One day while sitting on his couch, drinking a nice glass of tap water, he realizes he’s working way harder than he ever was at home. He’s putting up with more verbal harassment than his parents ever thought of dishing out from his sadistic boss, and he lives in much worse surroundings.

Okay, enough of Joe, but don’t think I’m being melodramatic. The story above is real life. I’ve seen it happen dozens of times in one variation or another. Many times, the price you pay for freedom can be much worse. And the rule doesn’t just apply to young people who are trying to break away from their parents. In any stage of life, you will be granted more freedom if you are willing to take on more responsibility. And the converse is true, if you don’t want to do anything, society will allow you to do that, but you’ll have almost no freedom.

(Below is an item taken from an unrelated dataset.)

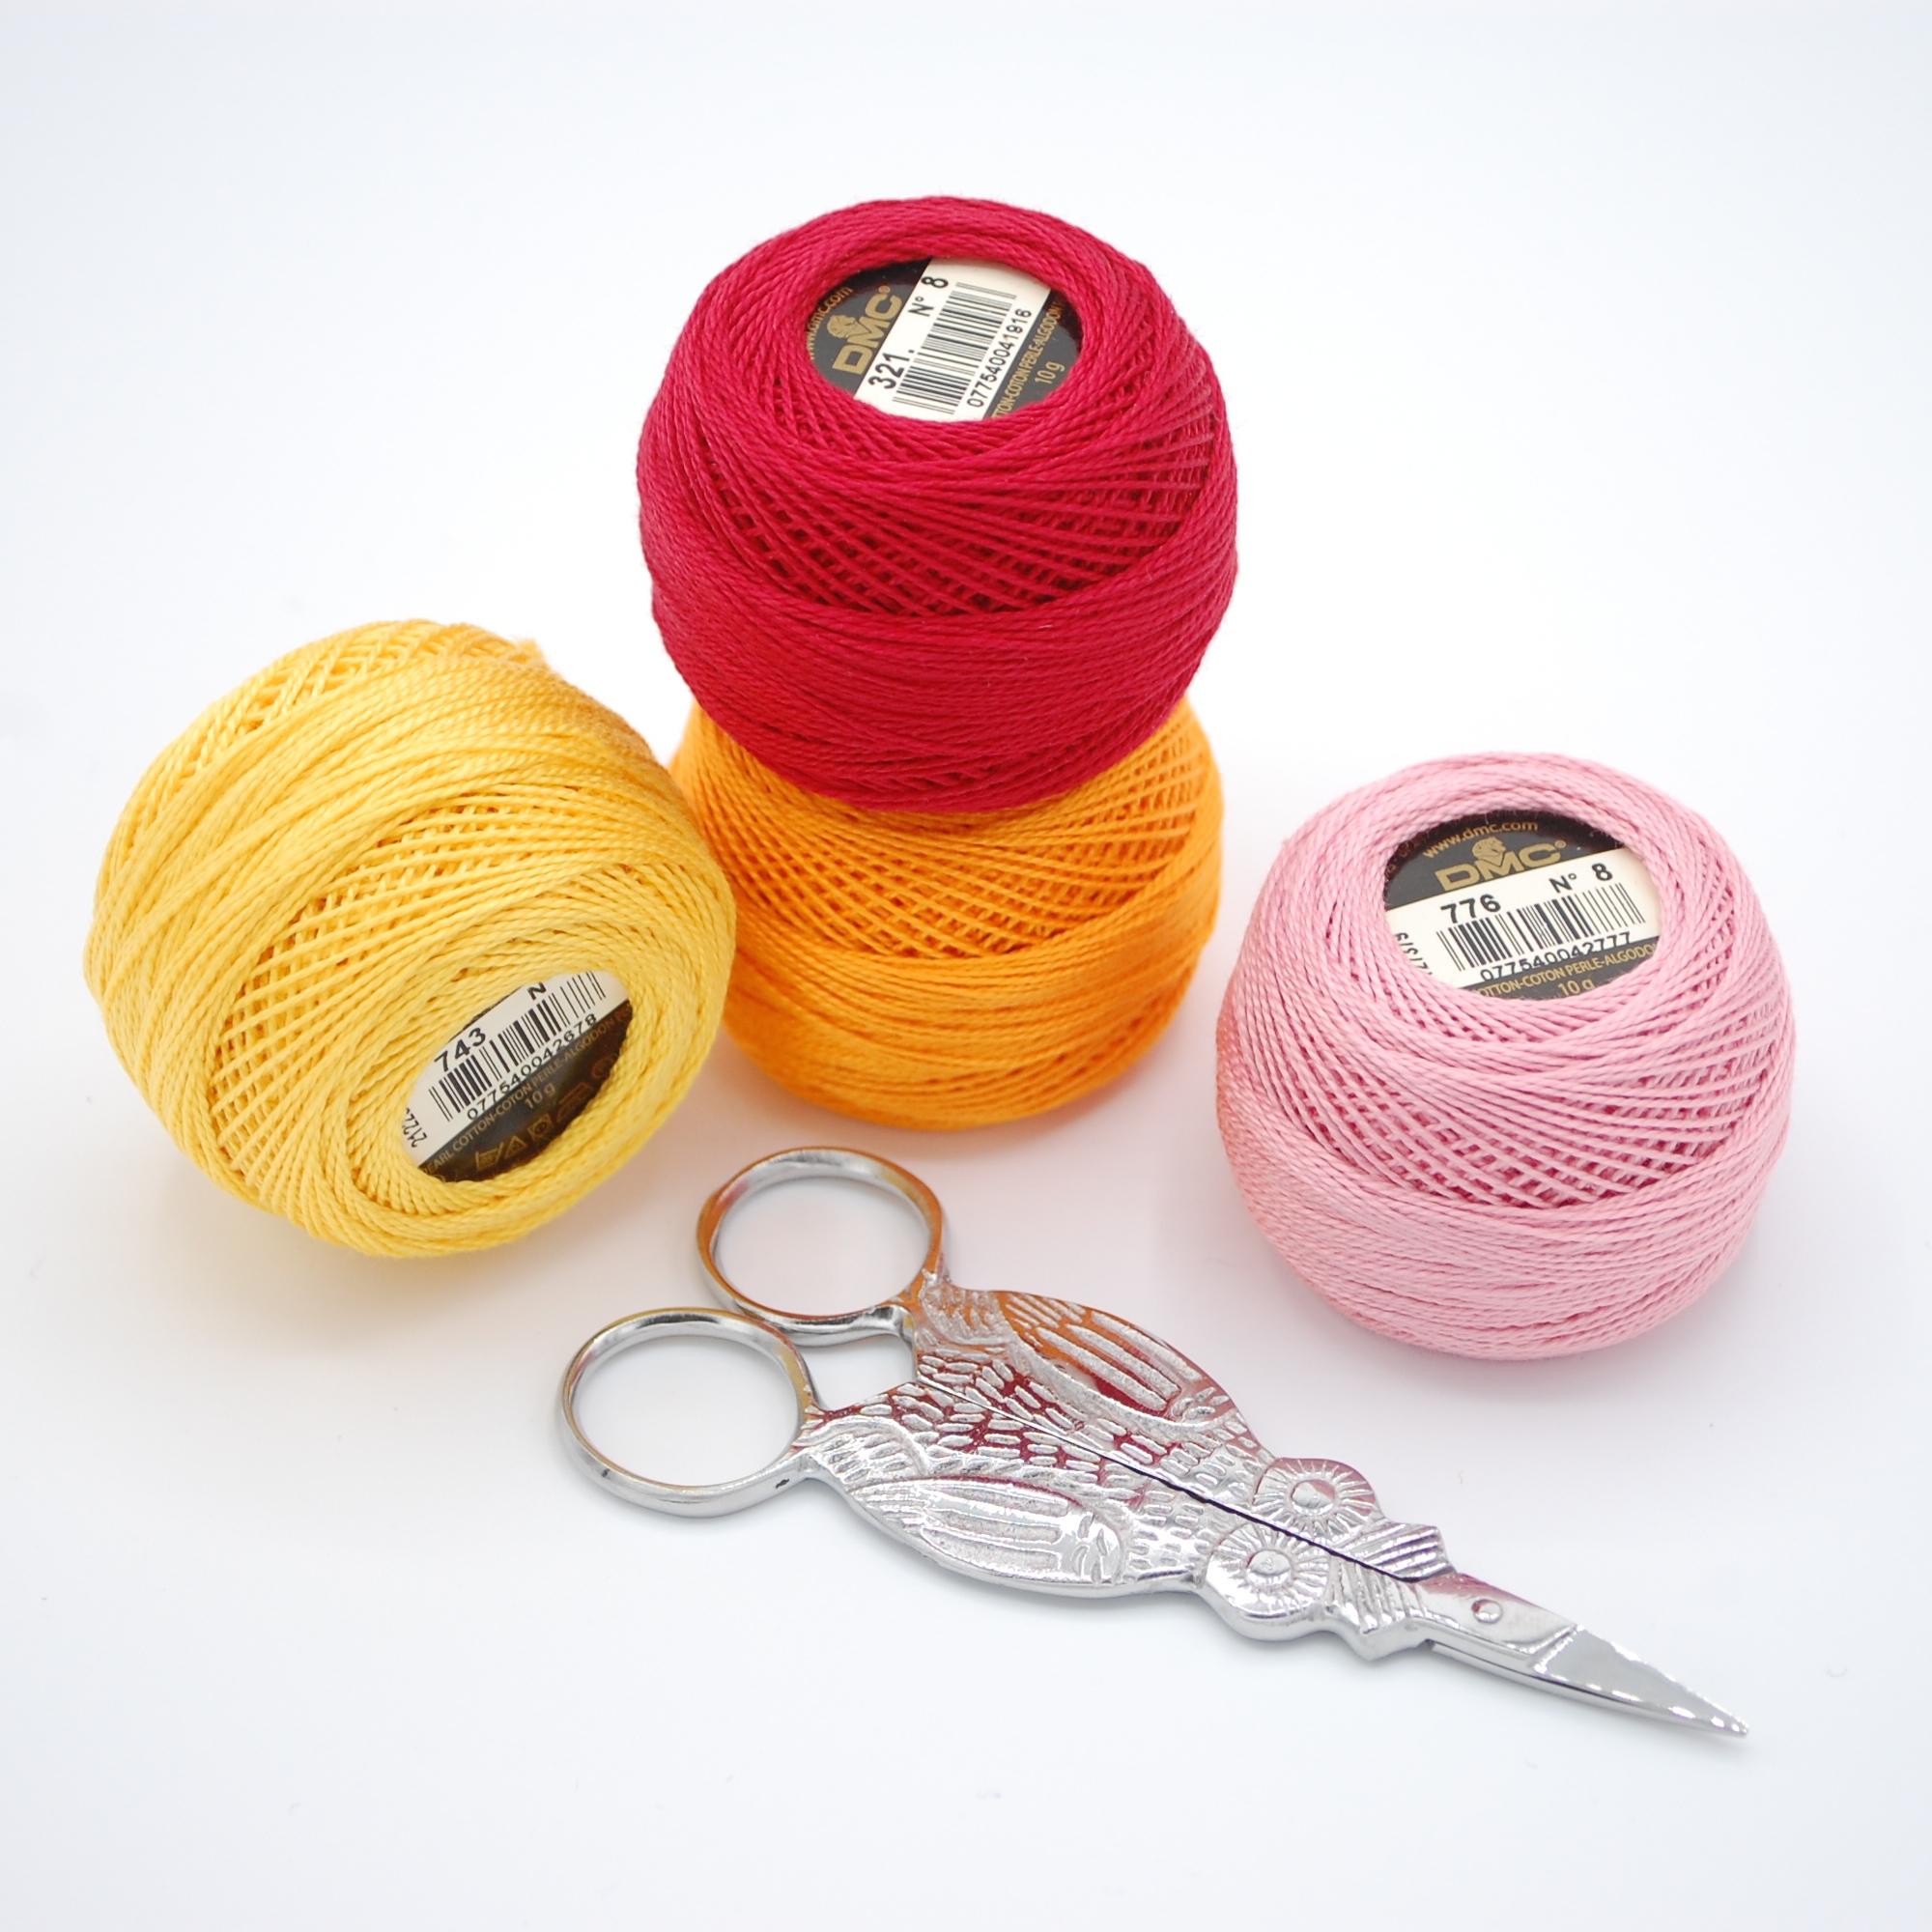 Perle cotton and scissors

But, you say, there is an exception to this rule–the trust fund child. There are some variants to this person, but it’s basically any person who comes by wealth they didn’t have to earn. This would, at first, seem to be an example of how you can have freedom without responsibility. But let’s look at the trust fund child a little closer.

Now these must be the happiest people in the world, right? They can do anything they want to do, and concerns about money rarely, if ever, cross their minds. They certainly don’t need to work, and why would they? It would just get in the way of fun time. Do you think these people are happy?

Not really. From my experience I could even say rarely, and here is the reason why. They have no challenge. For most people, life itself has a built in challenge: to survive. For more affluent nations this survival mode moves forward and the goal becomes to have a nice life and nice things, but it’s still done out of a perceived necessity. The trust fund child has no such drive. There is nothing to stop them from sleeping away the days for months on end. They can party, do drugs, go on wild adventures, anything in the world, but they will never have the need to struggle, at least somewhat, to exist. And I think this destroys them. Human beings, for whatever reason, have an innate need to work or to be needed. Freud said to work and to love were our two greats aims as humans, and though I don’t agree with Freud about everything, he was dead on here. We need a purpose. We need to find a balance between a challenging life and leisure. All challenge is no good. All leisure is no good. I’ll talk more about this later, but remember freedom always has a cost, and if you’re not willing to pay that cost, you have to be willing to live a relatively constrained life.